**PROBLEM TO WORK ON:**
Leave the pictures aside. Retype exactly the lines from the top of the data below through the one holding "Thibaut Courtois has".

**DATA EXCERPT:**
+===+

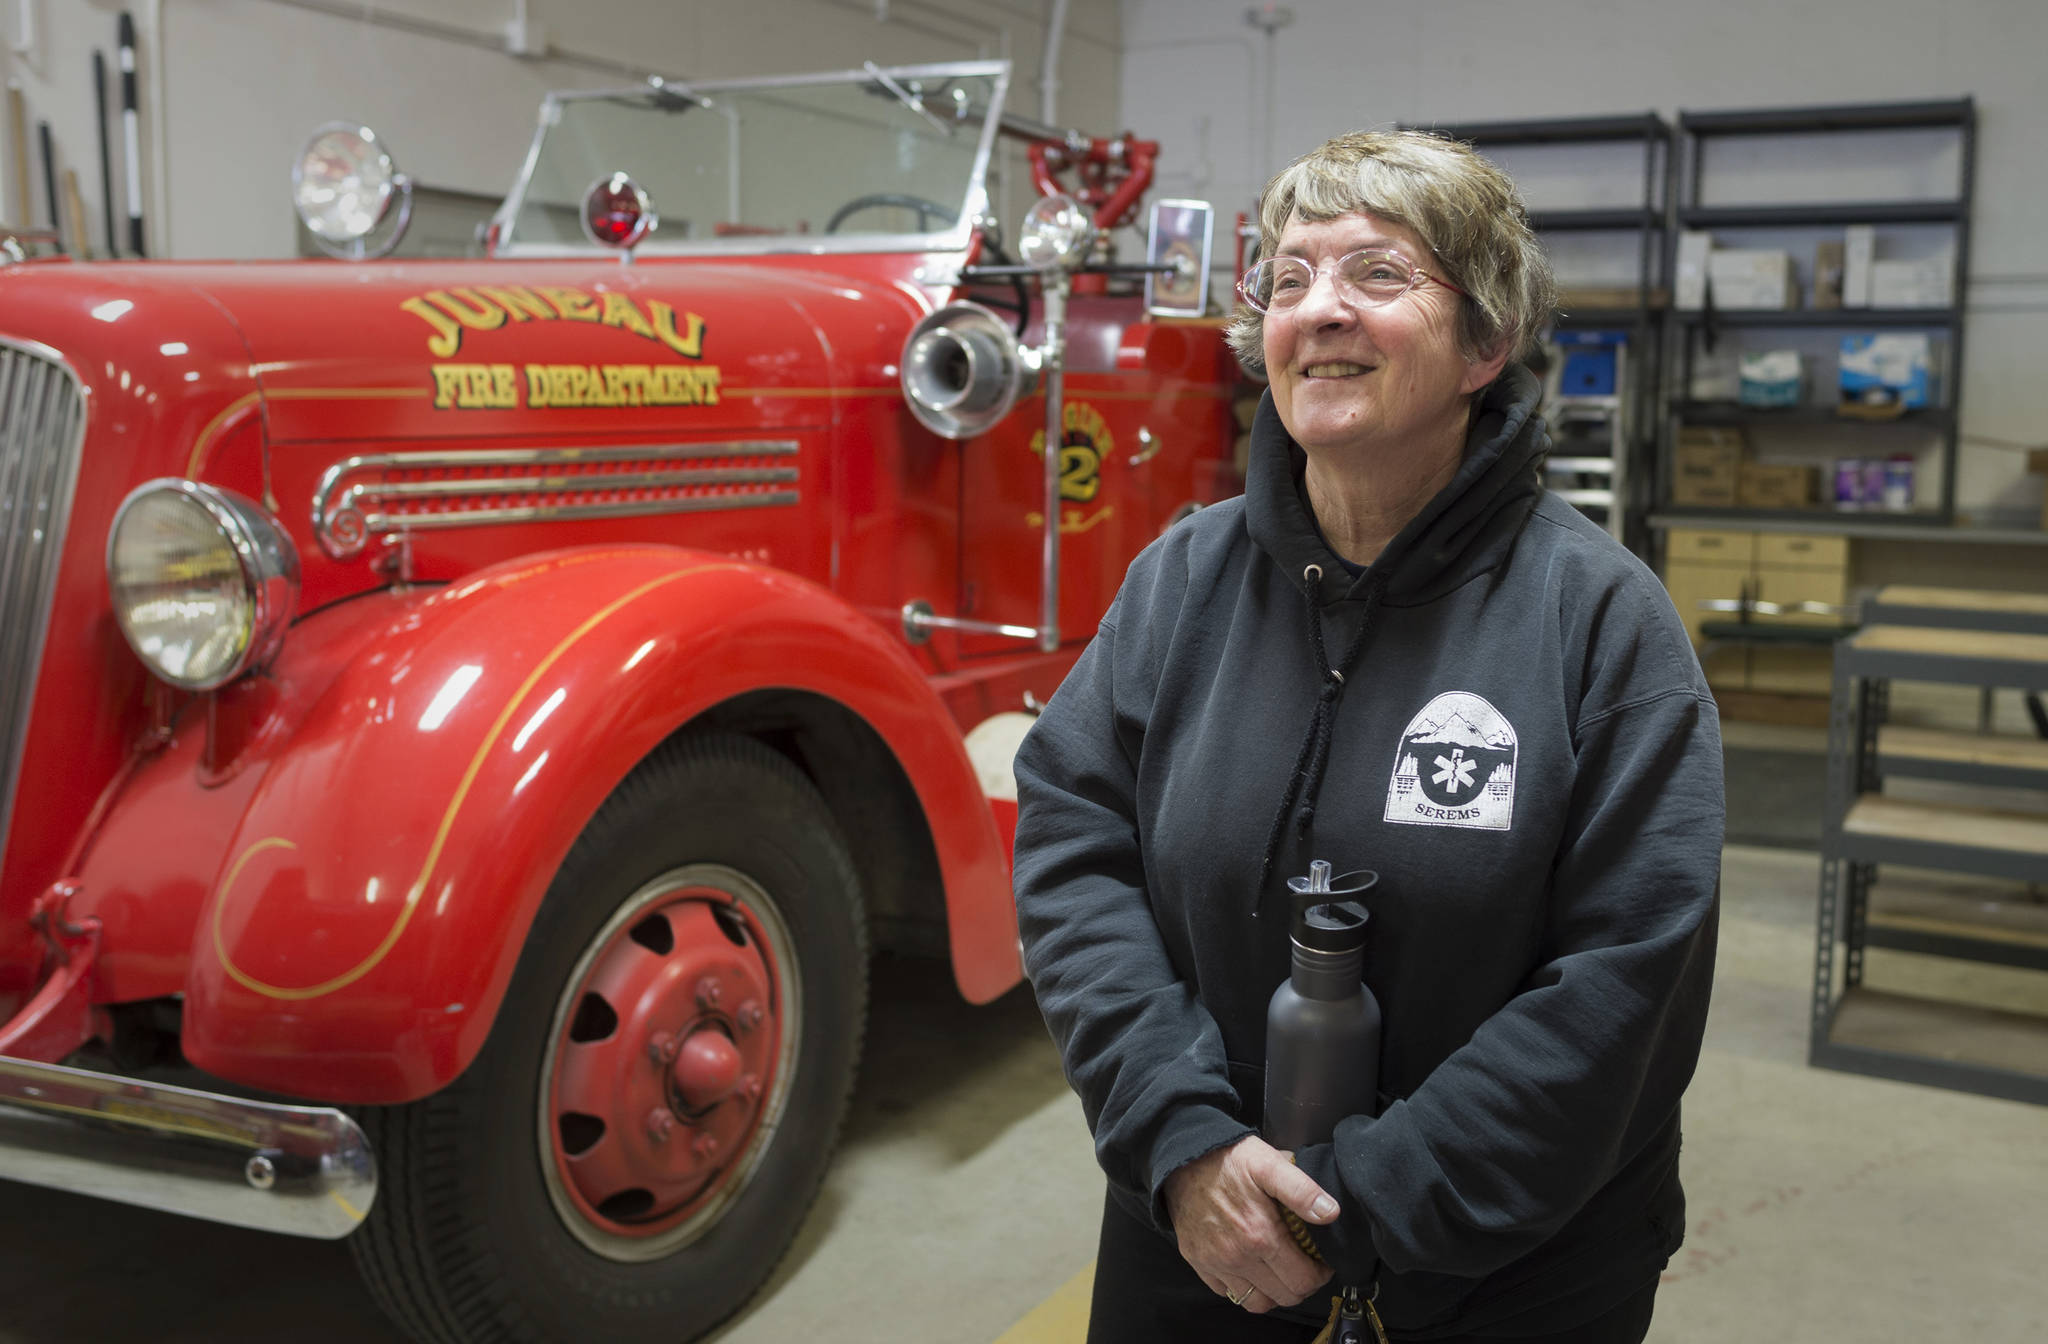 Kathy Miller talks on March 7 about her 10 years as a volunteer firefighter/EMT for Capital City Fire/Rescue at the Lynn Canal Fire Station after a career as a nurse. (Michael Penn | Juneau Empire)
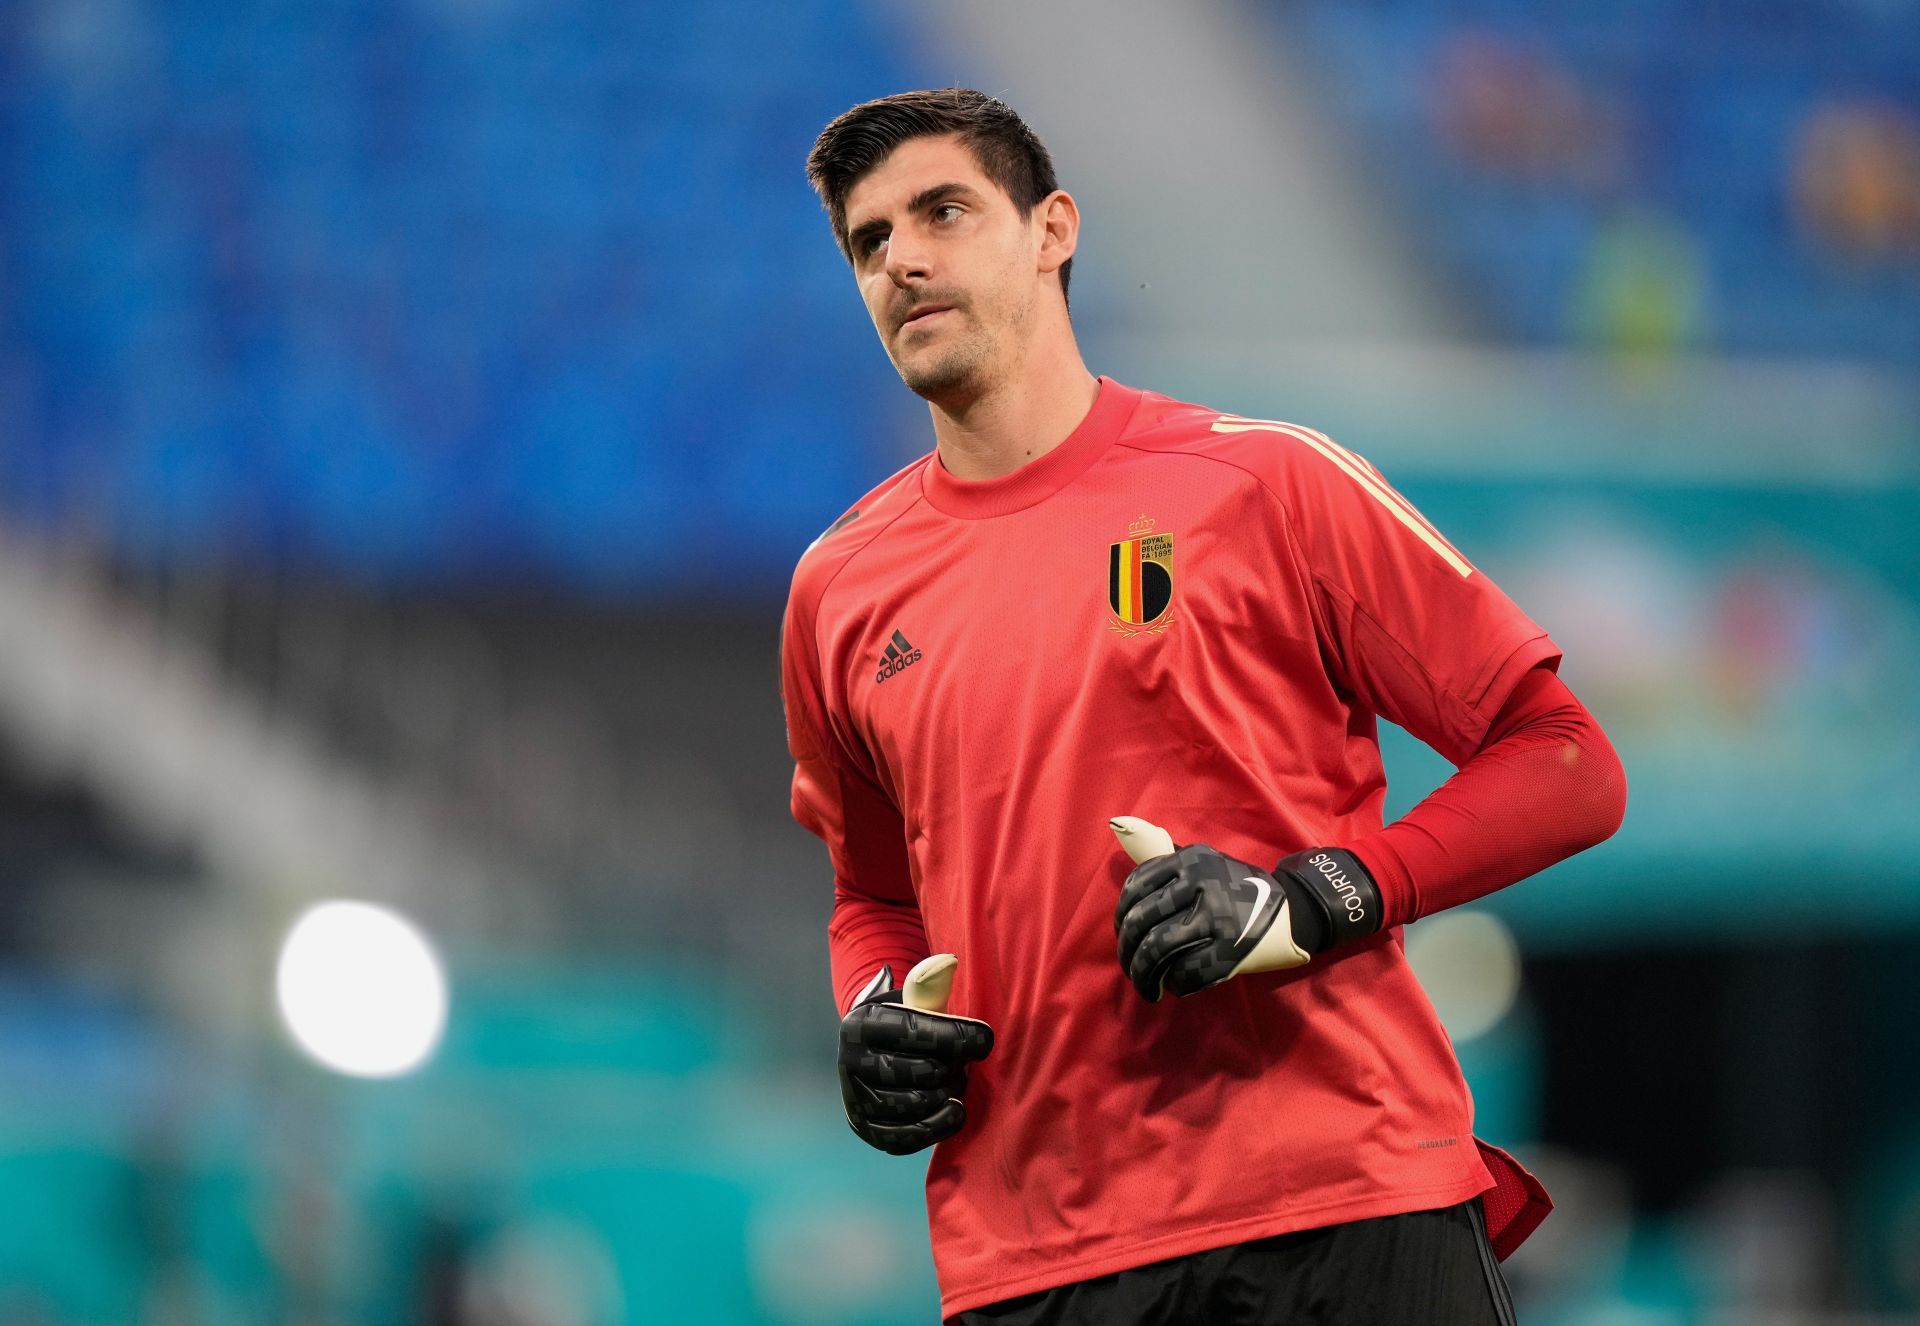 Thibaut Courtois has had an excellent stint with Los Blancos
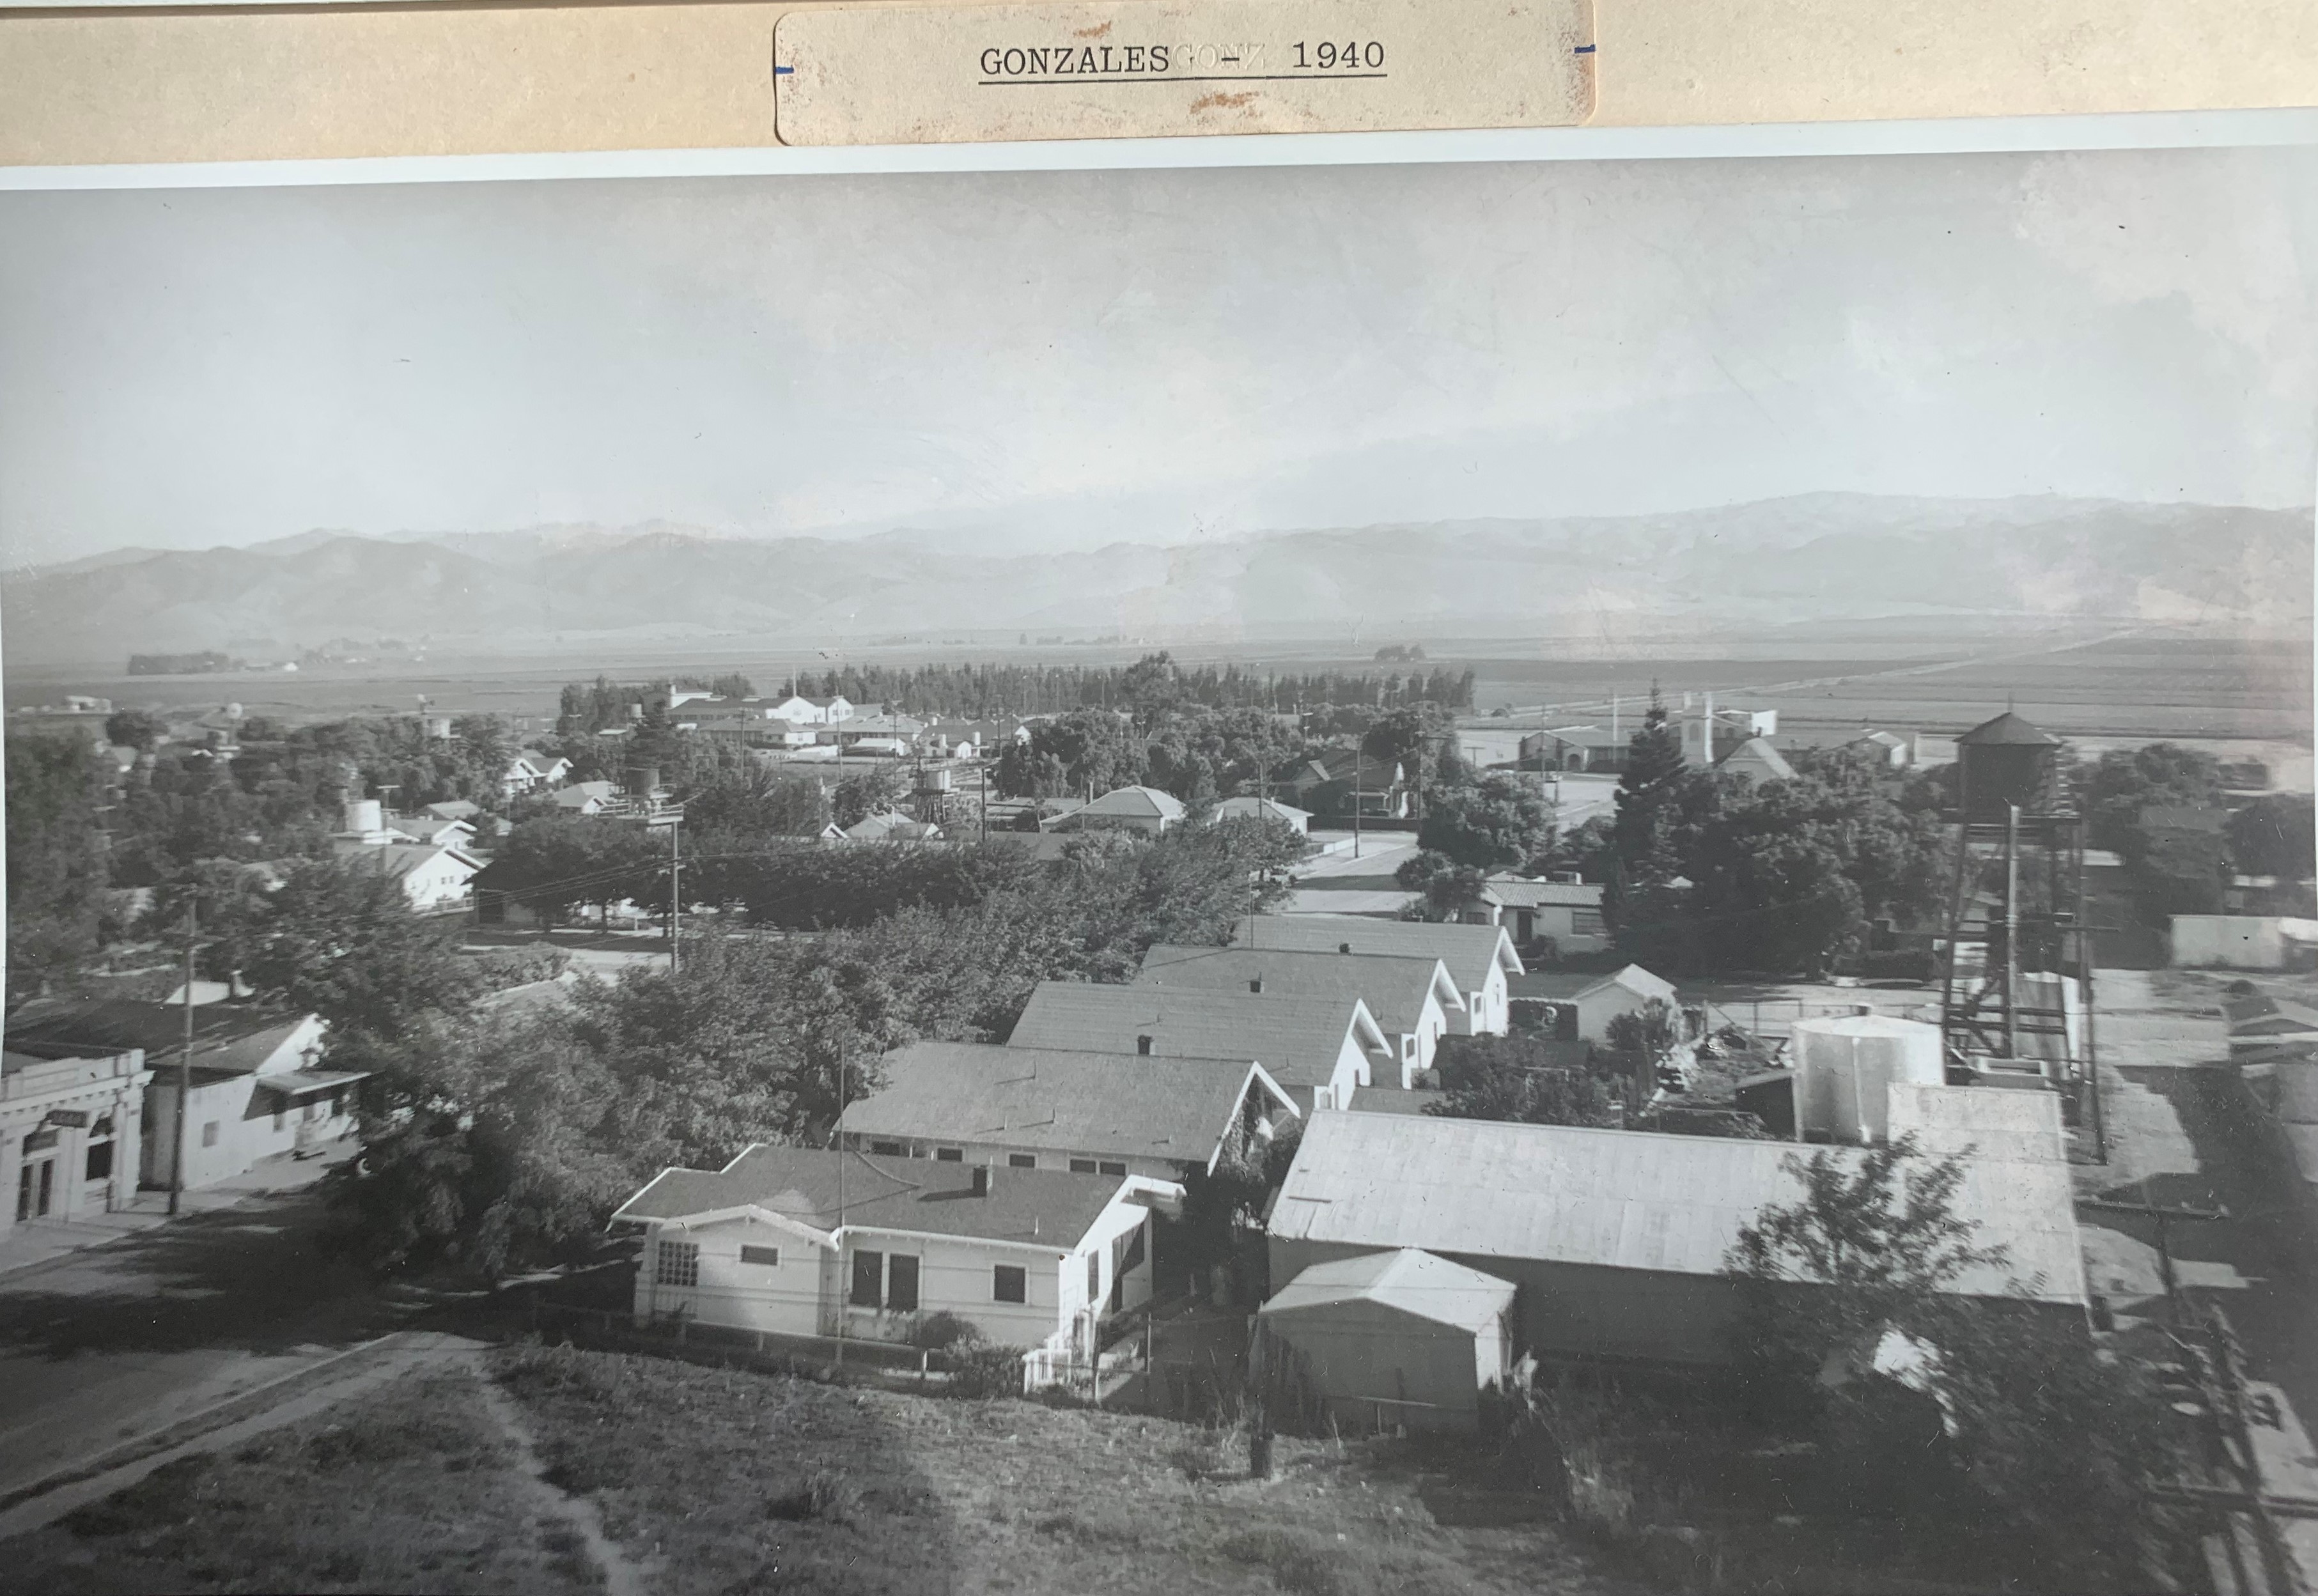 Historic pictures of Gonzales from 1940

+===+

**REPLY:**
 Kathy Miller talks on March 7 about her 10 years as a volunteer firefighter/EMT for Capital City Fire/Rescue at the Lynn Canal Fire Station after a career as a nurse. (Michael Penn | Juneau Empire)
 Thibaut Courtois has had an excellent stint with Los Blancos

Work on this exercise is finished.